The Harper government’s actions called into question the right to free speech; to freedom from obstruction and intimidation; and to institute inquiries, call witnesses, and demand papers—all of them essential to democratic governance.
The Conservatives had the right to defend themselves against the Opposition’s charges, but no one bothered to do so. Cabinet ministers were flippant, facetious, insulting. Their strategy was diversion. John Baird, the minister of transport, told the Liberal foreign affairs critic, Bob Rae, who had asked a substantive question, that Rae’s party was “politicizing a very sensitive issue on the backs of our brave men and women in uniform.” He added that General Rick Hillier, “a great Canadian hero,” had dismissed Richard Colvin’s claims as “ludicrous.” The defence minister, Peter MacKay, quoted a second general who claimed to be “mortified” at the very suggestion of wrongdoing. “I will take his word over that of the member opposite any day!” he told Liberal MP Ujjal Dosanjh. “Let’s get beyond the rhetorical flourishes. Let’s get beyond those who are in partisan mode.”
In whose name was this game being played? I wondered. Regardless of where one placed oneself on the political spectrum, it was impossible to believe that this served the interests of the country or the Canadian public.
For a very long time, Canadians have spoken of shared social values as a way of bridging our traditional French-English solitudes. Now I ask myself whether we might be morphing into two Canadas, each with a distinct world view. The more familiar Canada has promoted secular, humanist values, expressing them in a welfare society it took decades to build. The newer Canada is brasher, harder, and angrier. You may have guessed that the kinder Canada is the country I cleave to: it has been my heart’s home wherever I have travelled in the world. But I recognize change. And I am beginning to question how, and if, we can find common ground.
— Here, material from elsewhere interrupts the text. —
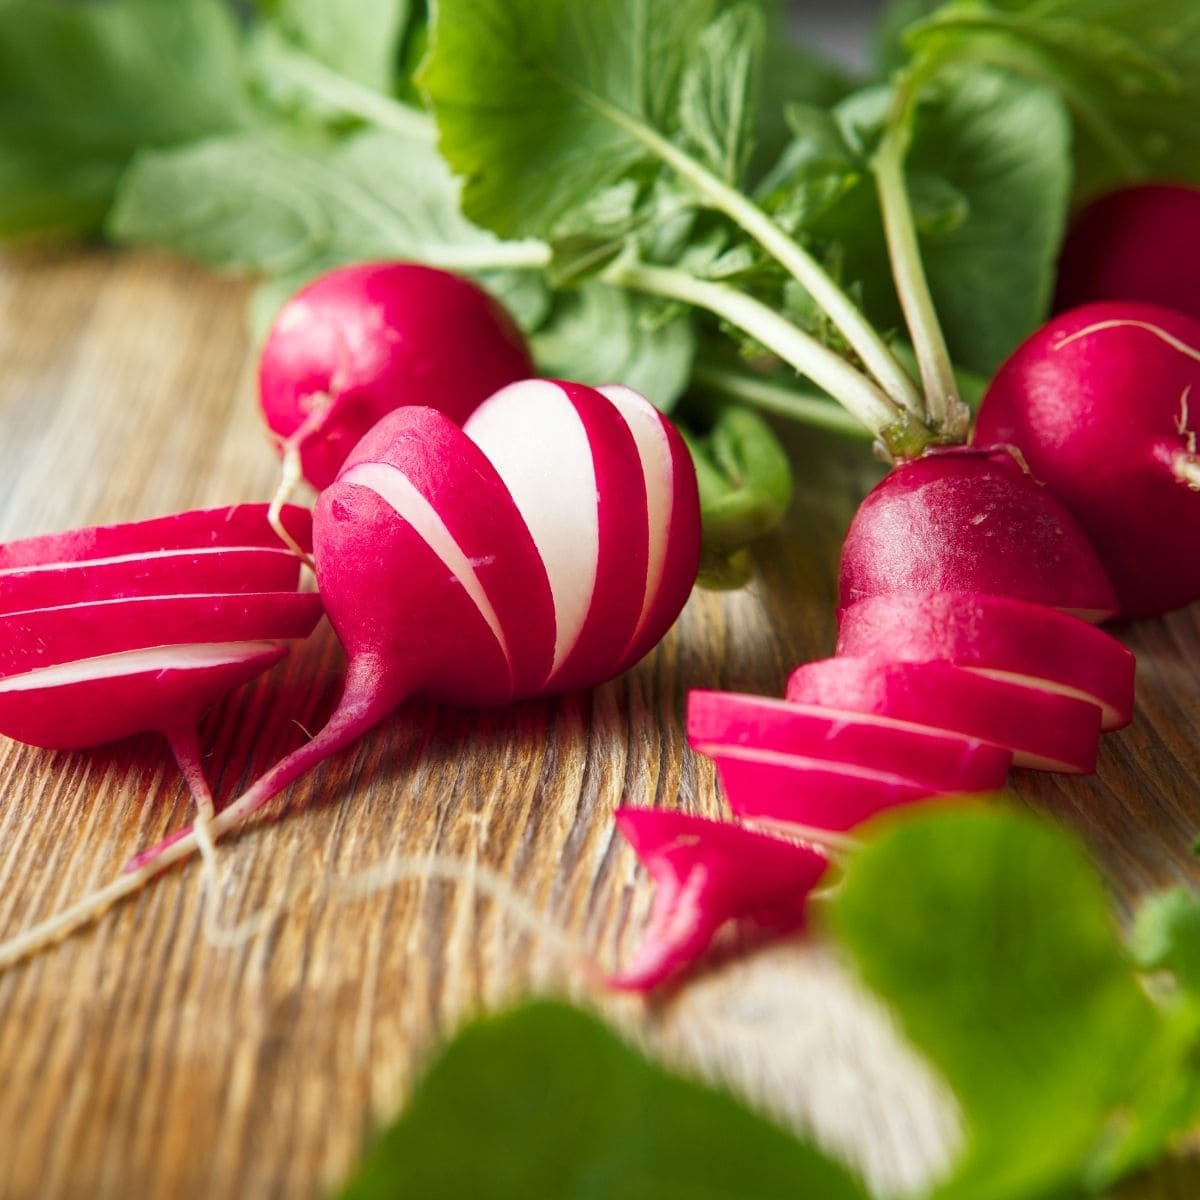 sliced radishes with leaves still on.

Most Canadians can recite our traditional values by heart, even if we no longer embrace them in identical ways. They are, in a nutshell: moderation in civil discourse; toleration of dissent; support for human rights and the institutions of civil society; respect for the rule of law; a commitment to multilateralism abroad and pluralism at home; and a dedication to the public good, which includes a sensitivity to our uniqueness as one of the world’s most ethnically diverse countries. Canada’s expansive social legislation, the creation of the Charter of Rights and Freedoms, our internationalist stance in the world—all these were put in place during the decades after the Second World War. They derived largely from successive Liberal governments, although when the electorate favoured the Progressive Conservatives they in turn carried the ball. Now this vision of Canada is being dismantled.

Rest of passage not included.